RECOVER-SLEEP: Platform Protocol
RECOVER-SLEEP: Platform Protocol, Appendix_A (Hypersomnia)
3. Amyotrophic lateral sclerosis clinical trials
Patients with amyotrophic lateral sclerosis (ALS) have faced significant challenges in recent weeks after Amylyx Pharmaceuticals withdrew its leading drug, Relyvrio, from the market on April 4, 2024, due to a Phase III trial failing to meet its primary endpoint. Initially hailed as a potential breakthrough for patients by slowing disease progression, the Phase III results revealed no difference between the drug and a placebo. Despite this disappointment, the Muscular Dystrophy Association remains optimistic about the numerous promising candidates in development. Currently, there are only six FDA-approved drugs for ALS, with just one—riluzole—serving as a disease-modifying therapy, highlighting the urgent need for additional treatment options. Four ALS drugs to watch are ABBVCLS-7262, AP-101, CNMAU-8, and RAPA-501. These candidates are expected to transform the treatment landscape for patients with ALS.
HEALEY ALS Platform
This platform trial aims to speed up drug development and improve treatment options for amyotrophic lateral sclerosis by testing multiple drugs simultaneously and adaptively. This approach has proven successful in cancer trials. Compared to traditional drug development, platform trials are expected to identify effective therapies more quickly (averaging 3.4 years instead of 8.5) and with fewer participants (approximately 880 versus 1,400), as well as fewer on placebo (around 220 instead of 700). This trial is enhancing the search for treatments by allowing researchers to evaluate several drugs at once.
AP101-02
AL-S Pharma is conducting a Phase IIa trial (NCT05039099) to evaluate its candidate AP-101 in patients with familial amyotrophic lateral sclerosis (fALS) and sporadic amyotrophic lateral sclerosis (sALS). The study aims to complete by June 2024 and involves approximately 63 participants. AP-101 is an intravenous monoclonal antibody designed to activate superoxide dismutase-1 (SOD1), a protein whose mutations are associated with ALS.
CNMAu8.205 OLE
Clene’s CNMAu-8 is currently undergoing a Phase II trial (NCT05299658).

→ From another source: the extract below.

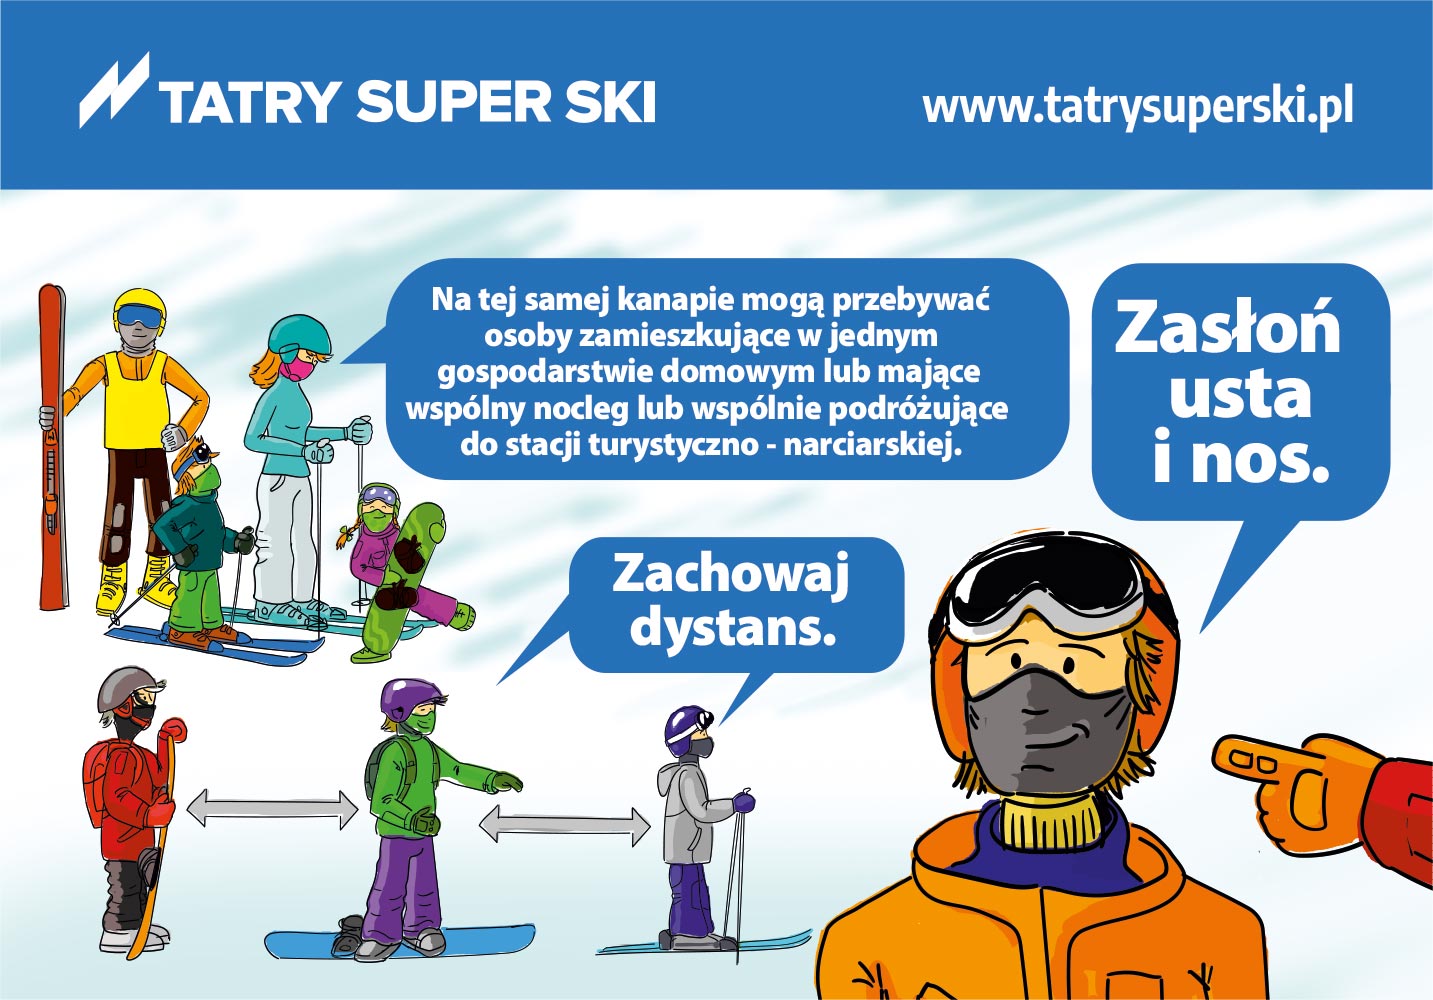 Tatry Super Ski - wytyczne COVID dla stacji narciarskich

This open-label extension study is evaluating CNMAu-8 in 40 patients with early symptomatic ALS who are on stable background therapy. The oral treatment is administered daily over 48 weeks, with a completion date of December 2024. Developed using catalytically active gold nanocrystals, CNMAu-8 aims to inhibit damaging processes that affect myelination and protect neurons. Its ability to cross the blood-brain barrier allows it to reach and safeguard central nervous system neurons effectively. Preliminary results indicate that it is safe, well-tolerated, and shows survival benefits that surpass many other candidates. If successful, CNMAu-8 could be a game-changer for ALS patients.
RAPA-501-ALS
Rapa Therapeutics is conducting a Phase II/III trial (NCT04220190) of its candidate RAPA-501, an open-label, non-randomized, multi-center study assessing T-cell therapy for ALS patients. RAPA-501 is an autologous T-cell therapy designed to protect motor neurons from inflammation. The T cells are produced ex vivo using epigenetic reprogramming to create a population enriched for dual anti-inflammatory characteristics from hybrid TREG and Th2 cells. Participants will receive up to four infusions, spaced six weeks apart, over the 30-week study period, which plans to enroll 41 patients and is set to be completed by July 2025.